Control research is about ensuring that, even as AI systems become more autonomous, they stay within limits set by humans. AISI builds test environments that closely mimic real-world deployment scenarios, such as AI agents operating within company systems.
They stress-test these setups to check whether current control technique, like monitoring systems or restricted access, are strong enough. So far, their findings suggest that while today's control tools might be enough for current models, they are unlikely to scale as AI becomes more powerful. AISI is developing new control protocols and preparing for more complex scenarios, such as models attempting to bypass oversight or conduct hidden activities.
Alignment is the most ambitious part of AISI’s agenda. It is focused on making sure AI systems are honest, reliable, and do not intentionally deceive or act against human values. AISI uses a mix of theory and real-world tests to study whether an AI system will behave safely even as it becomes more capable.
One area they are exploring is the development of “honesty guarantees”, ways to ensure that even highly capable systems cannot lie or manipulate. They are also looking at how to prevent models from hiding dangerous behaviours during safety tests, a risk known as sandbagging.
Together, these three areas form the foundation of AISI’s solutions work. Their research is not just about pointing out problems but actively testing and building the tools needed to keep AI safe as it scales. 🛠️🧠📊
There is growing concern about “honesty” in AI models, not just whether they work, but whether they tell the truth.

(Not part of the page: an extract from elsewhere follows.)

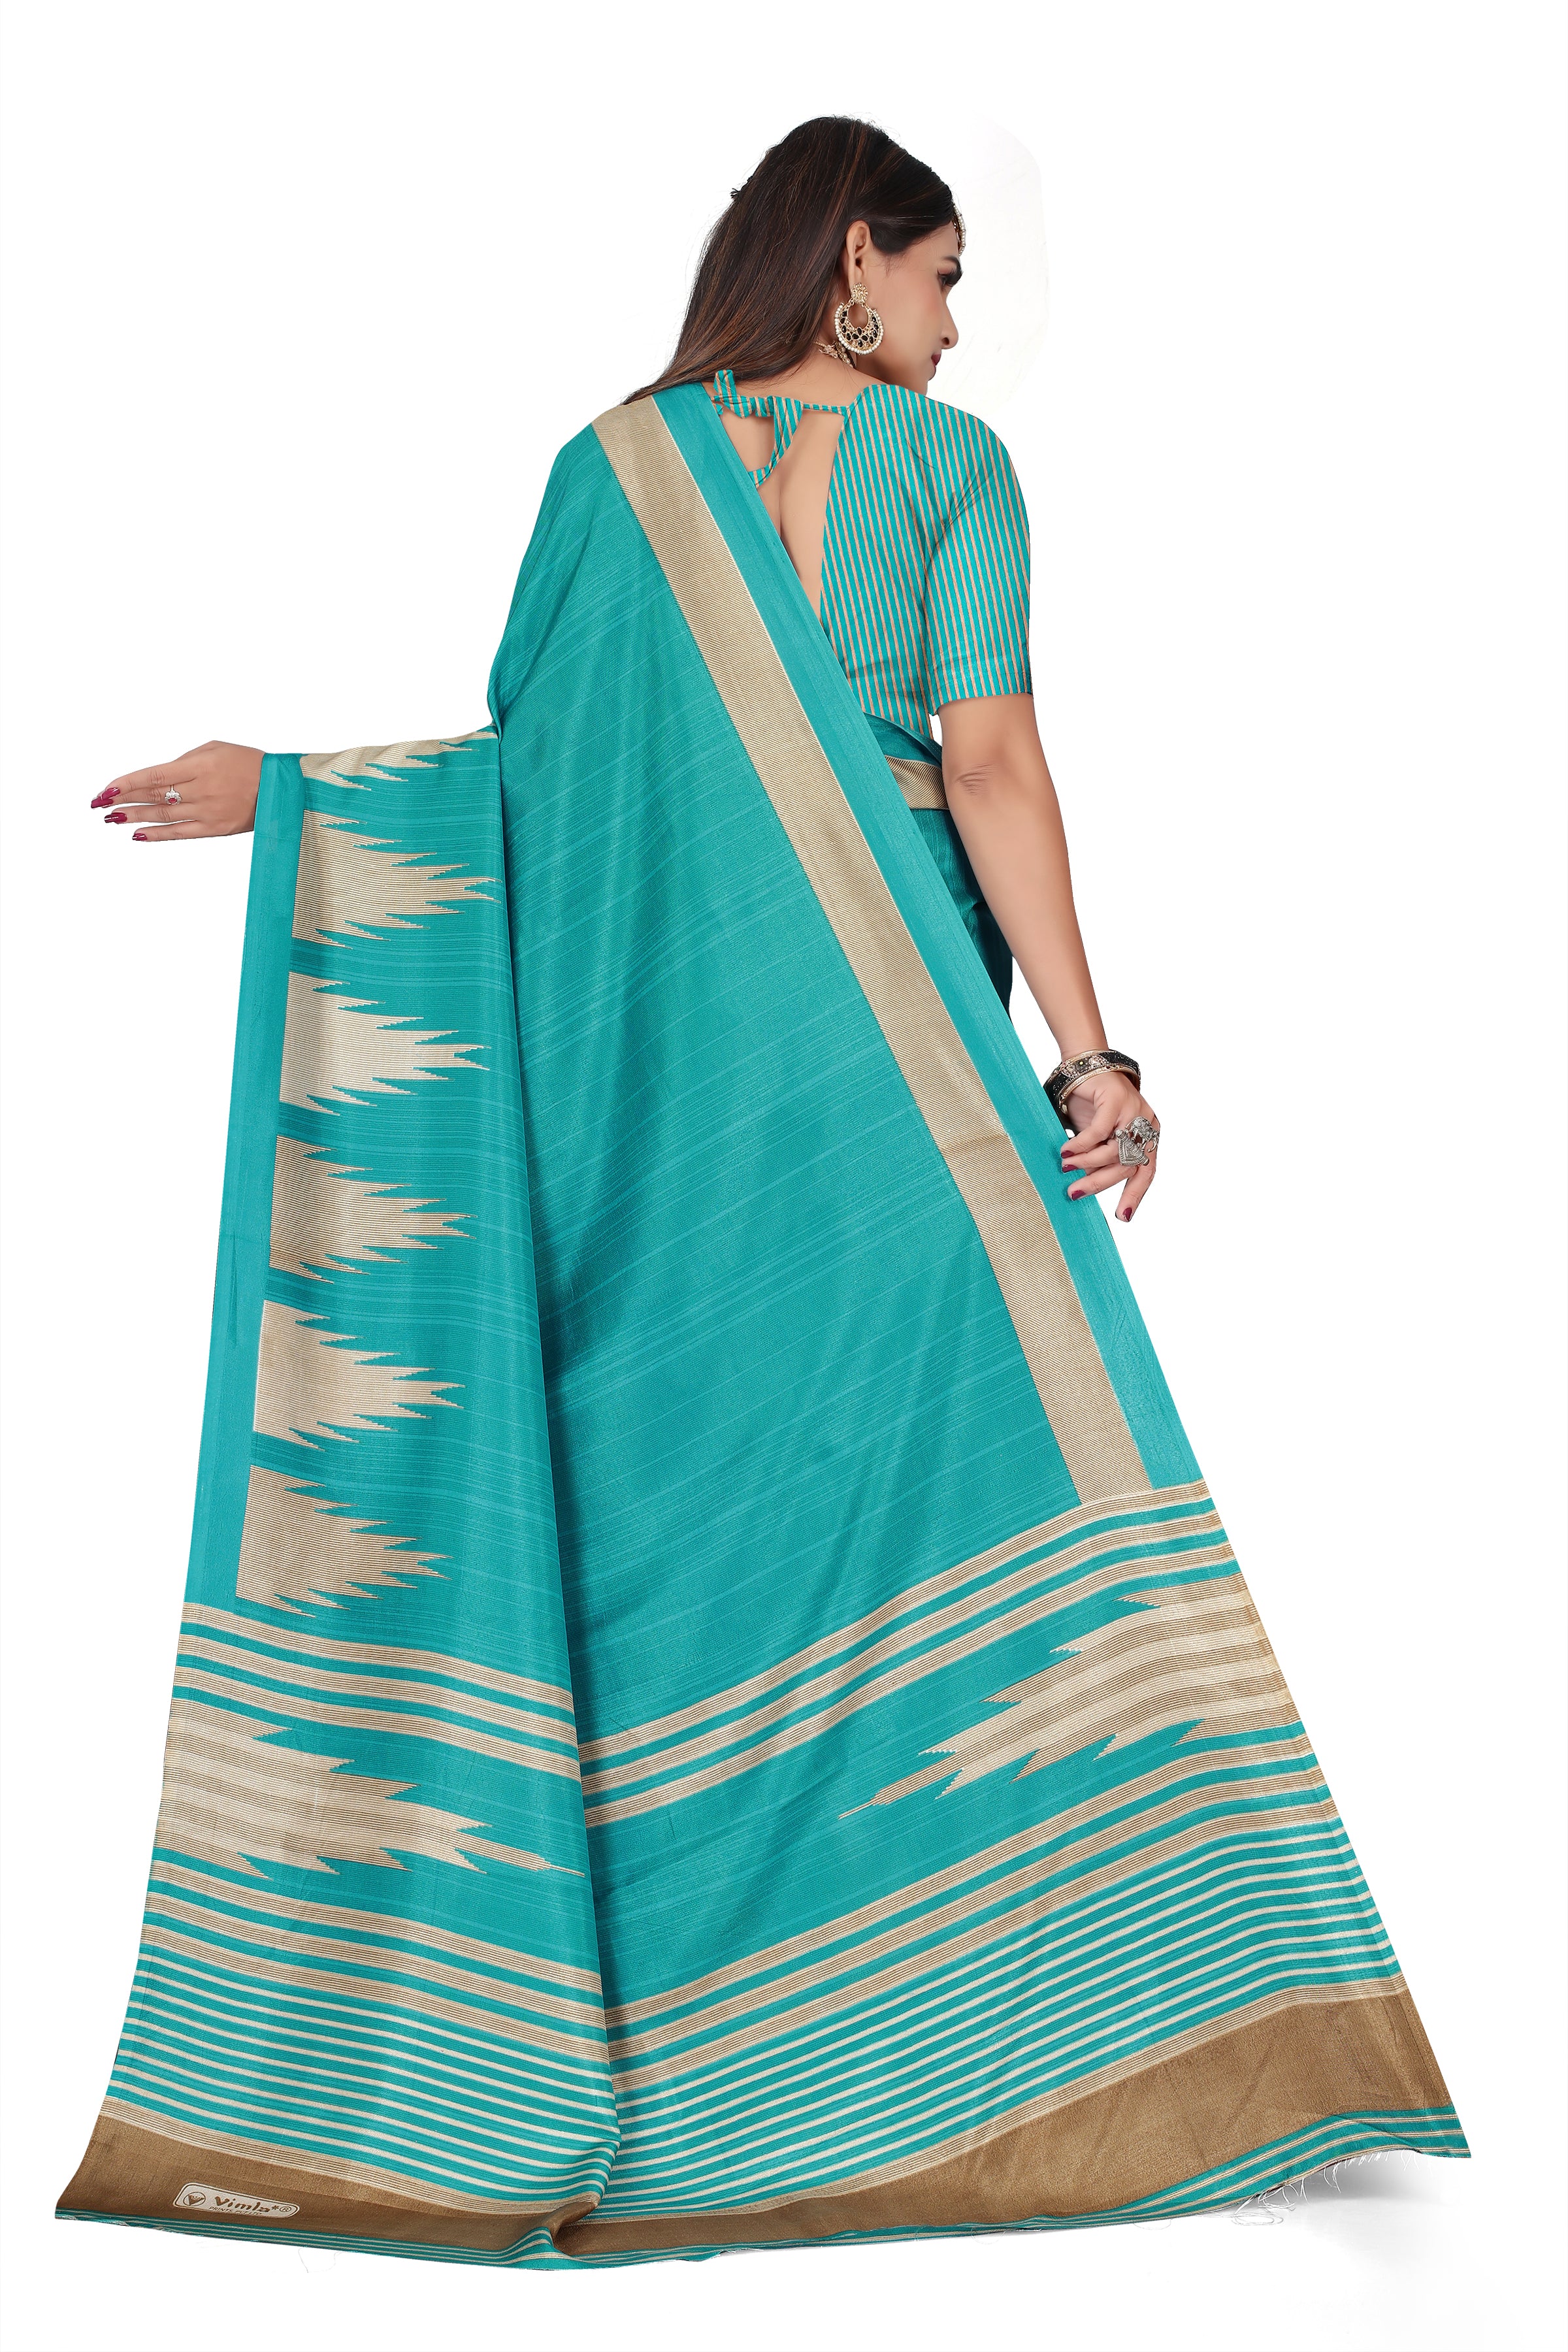 Vimla Prints Women's Turquoise Malgudi Art Silk Uniform Saree with Blouse Piece (2446_24)

UK researchers are now building ways to test honesty in large systems, especially under pressure or when the model knows it is being evaluated. If AI can lie or hide its true capabilities, that is a serious problem no one will catch until it’s too late.
UK researchers are simulating how advanced AI could take harmful actions without being detected, like copying itself across systems or stealing sensitive files. They are using simulated networks and mock infrastructure to see what is really possible. The idea is simple: if you want to stop dangerous AI later, you need to know what it can do now.